Выяснилось, то был наш последний шанс. «Синие шлемы» постучали в нашу дверь на рассвете. Я еще толком не проснулась. Элизабет, на ходу запахивая кангу, пошла открывать. Четверо мужчин ворвались в дверь с такой силой, что Элизабет отлетела к стене. Не спал лишь Мартин, он уставился на пистолеты, заткнутые у них за пояс, огромными черными глазищами.
Анатоль вел себя спокойно, но, когда посмотрел на меня, я заметила в его взгляде отчаяние. Он назвал имена людей, кого я должна была немедленно разыскать, чтобы они помогли нам устроиться, как он сказал — хотя я поняла, что́ он имел в виду на самом деле, — и адрес, который, судя по всему, следовало читать задом наперед.
— Мальчики… — начала я, не представляя, чем закончить фразу.
— Мальчики любят тебя больше жизни. Planche de salut.
— Они африканцы — навсегда. Ты это знаешь.
— Беене, жалей себя.
И Анатоля увели. А я понятия не имею, как мне себя жалеть. Жизнь сама по себе безжалостна.
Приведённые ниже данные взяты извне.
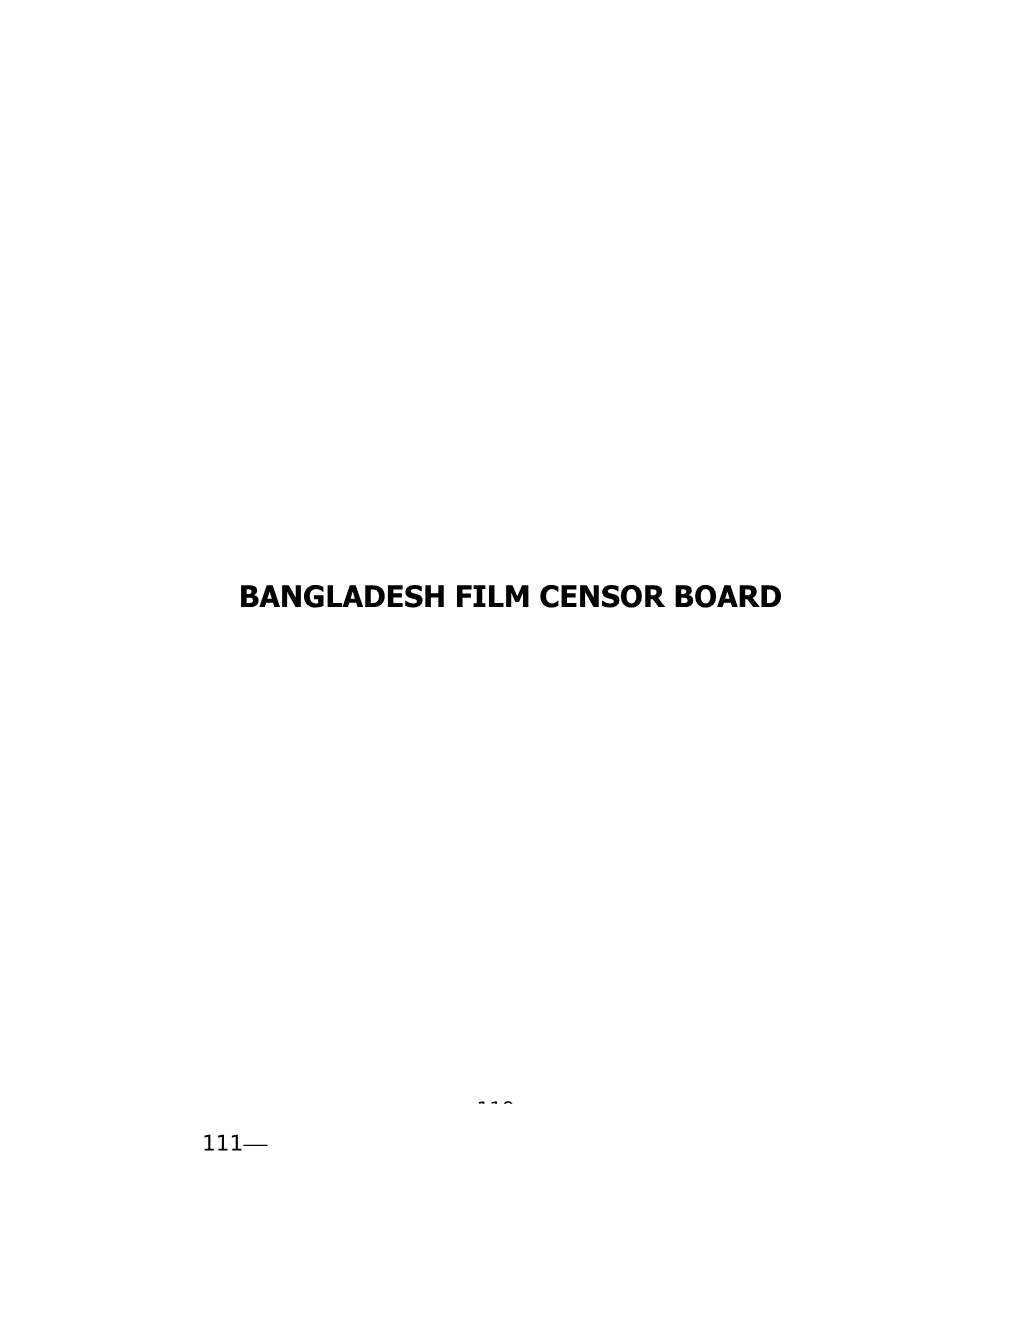 Bangladesh Film Censor Board

По крайней мере, я знаю, где его держат. Элизабет считает, что это большое везение. Я так не думаю. Анатоля сразу перевезли в Тусвиль, за сто километров к югу от Леопольдвиля, по лучшей в стране дороге, недавно заново заасфальтированной на деньги, полученные в качестве иностранной помощи. Вероятно, это весьма важная тюрьма. Чтобы получить хоть какие-то сведения, мне пришлось пройти по восьми государственным учреждениям, покорно, как послушная собака, перенося разные листки папиросной бумаги из одного в другое, пока я не нашла «моего господина», сидевшего, откинувшись на спинку кресла и положив ноги на стол. Он испугался, увидев белую женщину, и не мог решить, вести ли себя уважительно или с презрением, поэтому постоянно менял тактику. Сообщил, что мой муж останется в тюрьме, пока не будут сформулированы официальные обвинения, а это может занять от полугода до года. Что, в общих чертах, он обвиняется в предательстве, то есть антимобутизме, и скорее всего его приговорят к пожизненному заключению, хотя существуют и другие возможности.
— В лагере «Арди»?
— В лагере «Эбейя».
Разумеется, лагерь «Арди» был переименован в целях возвращения аутентичности.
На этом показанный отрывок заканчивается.